It about you because a bully can’t bully you if it doesn’t feel like bullying to you. Say what? Let me say it this way. Bullying triggers our innate threat detection system. But if we don’t perceive the bullying as personally threatening, then we can see the aggressor’s behaviour for what it is – awful, mean, insensitive, aggressive, hurtful, manipulative or whatever – but not a threat to our sense of self and to our self-worth. Oh, make no mistake – that is exactly what the bully is targeting. They are absolutely trying to make it all about you. But when we truly know and believe that we are enough, then we can say “enough”.  And learning how to do that: that’s the reason I coach!
 
It’s about them because there are three reasons why people bully and harass (see “Why the ‘Zero Tolerance’ approach doesn’t really work” written by Hadyn Olsen, a bullying expert and researcher. It’s a short, informative and helpful read – I highly recommend it). All three reasons come back to the bully’s own experiences and the story they are telling themselves about how they can get ahead in the world. Writes Olsen, those three reasons are:
  1. A sense of entitlement: People bully and harass because they feel a sense of entitlement to do so. They consider their behaviour reasonable and they consider they have a right to use these behaviours. They often do not see their behaviour as bullying.
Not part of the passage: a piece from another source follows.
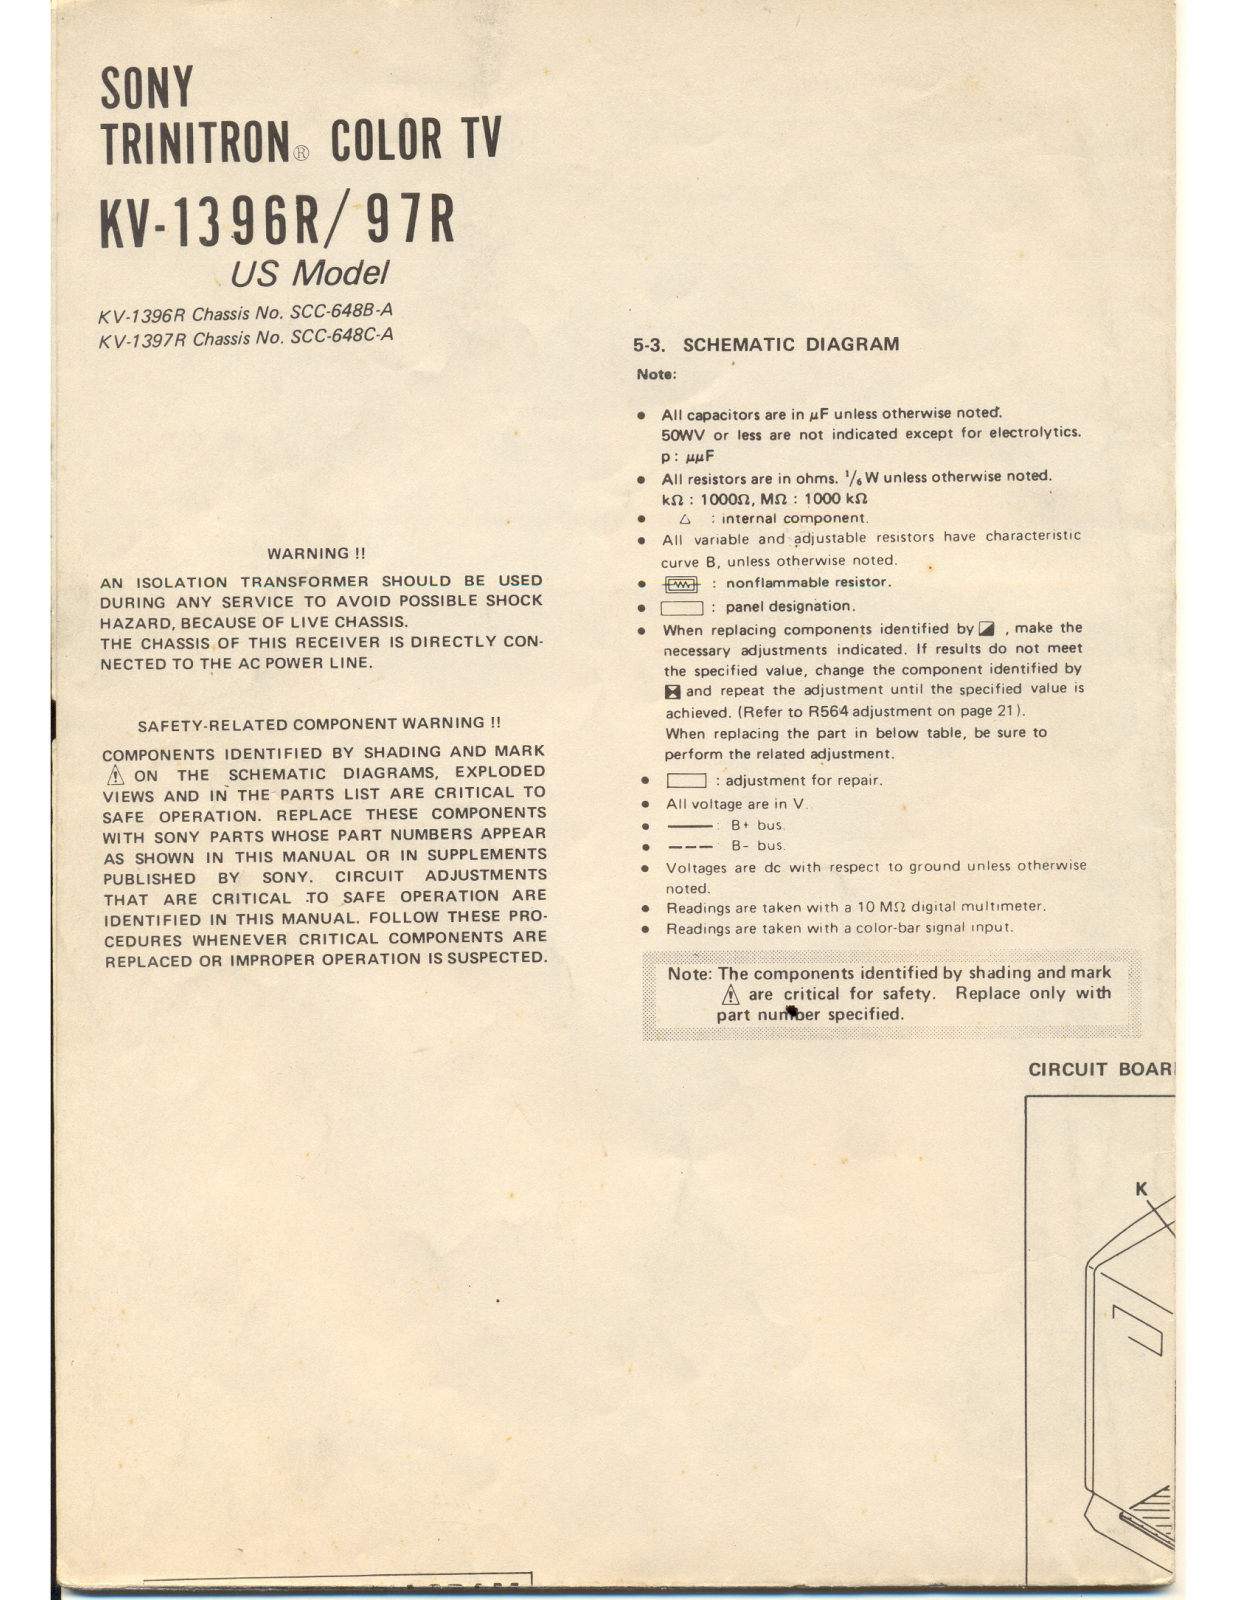 SONY KV 1397R Service Manual

  2. A lack of empathy: Perpetrators do what they do without considering the impact on others. They do not put themselves in the shoes of their victims and they avoid having to address the impact of their behaviour. They do not care, and they will not care as long as the workplace allows them to isolate themselves from the damage they have done (emphasis mine).
  3. Untouchableness: Perpetrators do what they do because others allow them to do it. They avoid being accountable for their actions. Bullying and harassment thrive in a culture of untouchableness and silence (emphasis mine). The most serious chronic bullies are adept at creating chaos and destabilisation in order to keep people from making them accountable. When people try to speak up the bully is quick to shout them down. When issues are brought forward the bully is quick to minimise, deny, or blame. Untouchableness happens when a person is allowed to get away with zero accountability. It happens when they create a shadow of collusion around themselves.
 
And it’s about us, because our organizations and cultures at best tolerate, at worse actively encourage, bullying. Bullying will happen in any social system, because bullying reflects one of the constants of human nature. Given the right circumstances and incentives, any of us can be tempted to pursue our own agendas and needs regardless of the costs to others, and most especially where the costs to us of doing so are low or non-existent.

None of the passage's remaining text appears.